Scottish Government to host emergency onshore wind summit

Fergus Ewing
Fergus Ewing

The Scottish Government is to convene an emergency summit to discuss the impact of the UK government’s decision to end onshore wind support.

Energy secretary, Amber Rudd MP, recently announced that new onshore wind farms will be excluded from an existing funding scheme from 1st April 2016, which is a year earlier than expected.

All projects that already had planning permission and other similar conditions could still get built under a proposed “grace period”.



It has since been estimated that the decision could potentially lead to a loss of up to as £3 billion in investment and endangers 5,400 jobs in Scotland.

Energy minister Fergus Ewing will meet with key players in the renewables sector in Glasgow early next month to hear the concerns of the industry which will inform in his ongoing discussions with the Ms Rudd and other devolved administrations.

Mr Ewing met with the Inverness Chamber of Commerce and the renewables industry to listen to their concerns about the impact on both developers and the supply chain.

The minsiter said: “The Scottish Government strongly disagrees with this decision which was made without our consent and will have such a negative impact on a key sector of the Scottish economy.
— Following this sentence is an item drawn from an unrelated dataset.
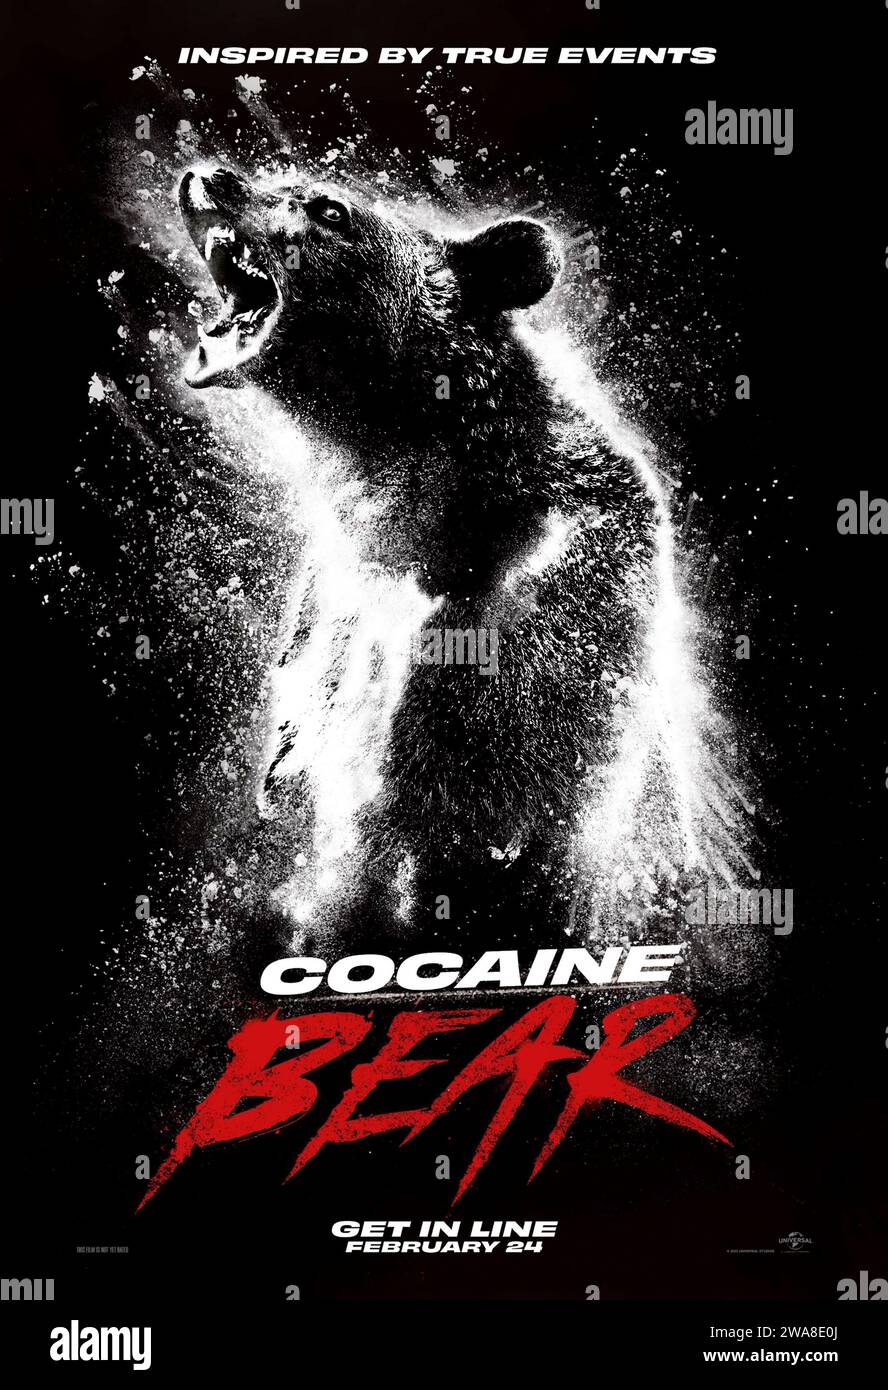 Cocaine Bear (2023) von Elizabeth Banks mit Keri Russell, Alden Ehrenreich und O’Shea Jackson Jr. in den Hauptrollen. Eine seltsame Gruppe von Polizisten, Kriminellen, Touristen und Teenagern versammelt sich in einem Wald von Georgia, wo ein riesiger Schwarzbär einen mörderischen Amoklauf begeht, nachdem er versehentlich Kokain eingenommen hat. Stockfoto

The proposals have a disproportionate impact on Scotland as around 70 per cent of onshore wind projects in the UK planning system are here.
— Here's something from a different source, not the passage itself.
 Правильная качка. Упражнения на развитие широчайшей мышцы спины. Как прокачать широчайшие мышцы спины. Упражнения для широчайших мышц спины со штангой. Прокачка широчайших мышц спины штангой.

“There are many communities and companies who have invested significant amounts of money in renewables scheme and have now found the goal posts have been move, putting crucial investment and jobs at risk. I am keen to listen to their concerns, understand the impact and continue to work together in making representations to the UK Government.

“UK ministers also urgently need to clarify the position regarding onshore wind projects already in the pipeline, and how many of them can expect to continue to receive investment during the grace period before funding is cut off.

“The most recent energy figures show renewables continue to go from strength to strength, with almost half of Scotland’s electricity use coming from renewables last year and wind delivering record amounts of power in the first three months of 2015. Scotland accounts for around a third of total UK renewables generation. This makes the recent decision by the UK Government to end the RO next year even more regrettable.

“The Scottish Government remains committed to the renewable sector and to achieving our target of 100 per cent of our electricity demand through renewables by 2020 and the onshore wind sector is a significant part of that.”



Niall Stuart, chief executive of Scottish Renewables, said: “The recent announcement to close the Renewables Obligation to onshore wind has caused a huge amount of disquiet within the industry, and threatens significant levels of investment, employment and renewable power generation.

“This is a key issue for everyone with an interest in renewable energy development in Scotland and the summit will be an important opportunity for our members to put over their questions, comments and concerns to the Minister for Business, Energy and Tourism as we seek to find a way to ensure the sustainable growth of our onshore wind industry.”

Meanwhile across the UK, Barbour ABI data suggests that projects worth over £6.4bn will be put in jeopardy.

The construction intelligence provider said there are 338 proposed wind farms that are yet to receive planning permission, putting them at risk of incompletion.



Commenting on the figures, Michael Dall, lead economist at Barbour ABI, said: “There are 5,000 active wind turbines already in use across the UK, producing five per cent of the total amount of national electricity. The government has a target of 30 percent of UK electricity coming from renewables by 2020, and must believe that other areas of renewable energy should be prioritised over onshore wind projects to receive future subsidies and investment before the 2020 target year.

“In 2014, the government paid out £800 million in subsidies for onshore wind farm projects and must believe the country now has enough turbines for the short and long term future.”